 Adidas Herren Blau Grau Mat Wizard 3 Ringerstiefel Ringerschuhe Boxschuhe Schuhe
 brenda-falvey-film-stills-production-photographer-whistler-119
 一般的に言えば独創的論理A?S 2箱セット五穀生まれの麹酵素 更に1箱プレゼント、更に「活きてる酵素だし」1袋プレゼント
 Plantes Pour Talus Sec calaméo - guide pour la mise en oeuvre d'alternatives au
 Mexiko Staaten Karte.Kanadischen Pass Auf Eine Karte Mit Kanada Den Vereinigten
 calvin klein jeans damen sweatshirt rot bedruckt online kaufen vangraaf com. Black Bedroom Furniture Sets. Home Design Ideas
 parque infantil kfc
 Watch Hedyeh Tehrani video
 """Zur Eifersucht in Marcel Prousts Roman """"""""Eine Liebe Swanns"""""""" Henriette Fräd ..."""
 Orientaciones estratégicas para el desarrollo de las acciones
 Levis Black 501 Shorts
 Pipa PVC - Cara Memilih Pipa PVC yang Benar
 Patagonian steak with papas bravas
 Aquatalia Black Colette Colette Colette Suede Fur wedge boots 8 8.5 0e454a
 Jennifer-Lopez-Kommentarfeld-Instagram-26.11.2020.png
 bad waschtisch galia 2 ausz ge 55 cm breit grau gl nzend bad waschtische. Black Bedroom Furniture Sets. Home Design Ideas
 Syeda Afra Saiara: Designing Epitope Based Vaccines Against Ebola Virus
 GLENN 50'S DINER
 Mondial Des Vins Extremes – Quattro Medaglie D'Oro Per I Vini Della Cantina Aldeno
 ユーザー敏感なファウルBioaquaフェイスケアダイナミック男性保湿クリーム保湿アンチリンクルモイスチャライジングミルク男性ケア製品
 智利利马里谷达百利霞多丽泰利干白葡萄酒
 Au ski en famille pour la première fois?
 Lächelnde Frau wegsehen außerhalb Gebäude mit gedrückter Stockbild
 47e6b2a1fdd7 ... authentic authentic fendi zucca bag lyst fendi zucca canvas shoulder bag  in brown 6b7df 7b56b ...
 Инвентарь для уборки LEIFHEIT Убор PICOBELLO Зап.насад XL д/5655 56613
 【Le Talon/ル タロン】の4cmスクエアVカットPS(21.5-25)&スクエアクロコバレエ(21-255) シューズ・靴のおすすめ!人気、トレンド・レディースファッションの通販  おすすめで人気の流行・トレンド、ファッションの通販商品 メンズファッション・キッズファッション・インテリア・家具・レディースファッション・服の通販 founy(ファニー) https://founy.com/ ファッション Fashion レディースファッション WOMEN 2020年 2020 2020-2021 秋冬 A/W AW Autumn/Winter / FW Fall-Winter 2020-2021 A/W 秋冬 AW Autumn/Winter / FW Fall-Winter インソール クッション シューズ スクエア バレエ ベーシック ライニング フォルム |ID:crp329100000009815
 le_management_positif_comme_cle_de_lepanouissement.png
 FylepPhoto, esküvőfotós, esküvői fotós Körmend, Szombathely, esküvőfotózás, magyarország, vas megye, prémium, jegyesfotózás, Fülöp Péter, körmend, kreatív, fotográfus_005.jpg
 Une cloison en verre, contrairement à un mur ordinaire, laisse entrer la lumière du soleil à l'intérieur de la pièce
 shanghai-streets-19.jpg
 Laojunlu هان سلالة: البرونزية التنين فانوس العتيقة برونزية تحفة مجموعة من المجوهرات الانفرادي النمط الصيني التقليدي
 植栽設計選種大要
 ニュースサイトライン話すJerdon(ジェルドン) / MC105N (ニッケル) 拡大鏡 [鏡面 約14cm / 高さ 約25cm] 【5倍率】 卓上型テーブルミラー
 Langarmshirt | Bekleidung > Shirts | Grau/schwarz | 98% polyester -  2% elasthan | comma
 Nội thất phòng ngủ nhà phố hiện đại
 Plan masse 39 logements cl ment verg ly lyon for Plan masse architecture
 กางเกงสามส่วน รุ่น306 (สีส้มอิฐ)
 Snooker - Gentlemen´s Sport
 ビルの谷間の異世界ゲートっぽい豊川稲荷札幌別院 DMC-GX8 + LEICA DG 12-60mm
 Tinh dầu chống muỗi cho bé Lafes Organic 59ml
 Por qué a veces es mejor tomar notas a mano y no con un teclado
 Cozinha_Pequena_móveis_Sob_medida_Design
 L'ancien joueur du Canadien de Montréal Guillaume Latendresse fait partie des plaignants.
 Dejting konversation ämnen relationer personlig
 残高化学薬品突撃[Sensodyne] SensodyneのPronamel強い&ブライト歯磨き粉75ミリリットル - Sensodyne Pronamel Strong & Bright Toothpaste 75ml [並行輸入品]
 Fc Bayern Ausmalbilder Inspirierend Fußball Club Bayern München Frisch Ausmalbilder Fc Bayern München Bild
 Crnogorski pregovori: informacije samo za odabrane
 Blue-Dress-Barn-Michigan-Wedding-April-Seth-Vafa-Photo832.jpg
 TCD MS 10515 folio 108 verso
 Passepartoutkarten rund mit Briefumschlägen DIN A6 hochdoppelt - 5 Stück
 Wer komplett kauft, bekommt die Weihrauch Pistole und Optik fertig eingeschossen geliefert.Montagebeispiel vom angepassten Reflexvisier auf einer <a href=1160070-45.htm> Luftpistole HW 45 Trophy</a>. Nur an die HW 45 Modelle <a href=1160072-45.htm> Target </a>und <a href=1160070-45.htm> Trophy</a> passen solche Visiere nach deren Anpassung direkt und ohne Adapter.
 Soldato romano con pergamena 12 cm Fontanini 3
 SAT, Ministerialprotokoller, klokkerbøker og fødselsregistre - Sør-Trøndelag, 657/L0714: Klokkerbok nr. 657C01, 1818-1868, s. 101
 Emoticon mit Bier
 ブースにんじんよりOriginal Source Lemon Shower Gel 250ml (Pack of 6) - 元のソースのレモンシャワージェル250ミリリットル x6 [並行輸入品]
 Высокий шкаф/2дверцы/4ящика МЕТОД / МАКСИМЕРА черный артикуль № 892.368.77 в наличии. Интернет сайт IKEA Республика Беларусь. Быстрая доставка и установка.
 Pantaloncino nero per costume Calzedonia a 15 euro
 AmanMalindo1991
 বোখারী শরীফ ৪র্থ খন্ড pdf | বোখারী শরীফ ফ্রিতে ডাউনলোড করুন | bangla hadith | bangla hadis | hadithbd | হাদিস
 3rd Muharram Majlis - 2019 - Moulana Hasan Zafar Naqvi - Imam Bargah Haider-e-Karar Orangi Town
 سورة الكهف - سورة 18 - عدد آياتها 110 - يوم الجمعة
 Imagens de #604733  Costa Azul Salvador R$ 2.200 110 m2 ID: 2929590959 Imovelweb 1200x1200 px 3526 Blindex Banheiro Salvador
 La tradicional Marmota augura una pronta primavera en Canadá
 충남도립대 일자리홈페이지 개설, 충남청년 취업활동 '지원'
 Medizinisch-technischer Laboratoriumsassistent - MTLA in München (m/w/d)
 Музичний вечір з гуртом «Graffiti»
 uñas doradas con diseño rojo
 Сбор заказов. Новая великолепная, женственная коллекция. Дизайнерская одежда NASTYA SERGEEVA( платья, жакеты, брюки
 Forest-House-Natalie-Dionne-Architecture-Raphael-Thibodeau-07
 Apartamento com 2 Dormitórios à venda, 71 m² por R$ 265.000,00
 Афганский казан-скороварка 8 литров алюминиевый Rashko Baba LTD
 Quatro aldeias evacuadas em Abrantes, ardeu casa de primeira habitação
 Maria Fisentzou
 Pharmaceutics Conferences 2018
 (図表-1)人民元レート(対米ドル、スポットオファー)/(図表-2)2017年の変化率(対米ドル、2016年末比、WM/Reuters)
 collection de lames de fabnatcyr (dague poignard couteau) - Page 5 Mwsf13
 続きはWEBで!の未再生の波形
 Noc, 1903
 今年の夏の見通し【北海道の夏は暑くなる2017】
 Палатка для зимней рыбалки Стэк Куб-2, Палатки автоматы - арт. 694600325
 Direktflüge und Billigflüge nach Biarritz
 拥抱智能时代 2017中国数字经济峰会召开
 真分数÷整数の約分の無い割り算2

···

**The task:** Find the lines above that include the string "Bedroom" and copy them.

**Solution for this task:**
 calvin klein jeans damen sweatshirt rot bedruckt online kaufen vangraaf com. Black Bedroom Furniture Sets. Home Design Ideas
 bad waschtisch galia 2 ausz ge 55 cm breit grau gl nzend bad waschtische. Black Bedroom Furniture Sets. Home Design Ideas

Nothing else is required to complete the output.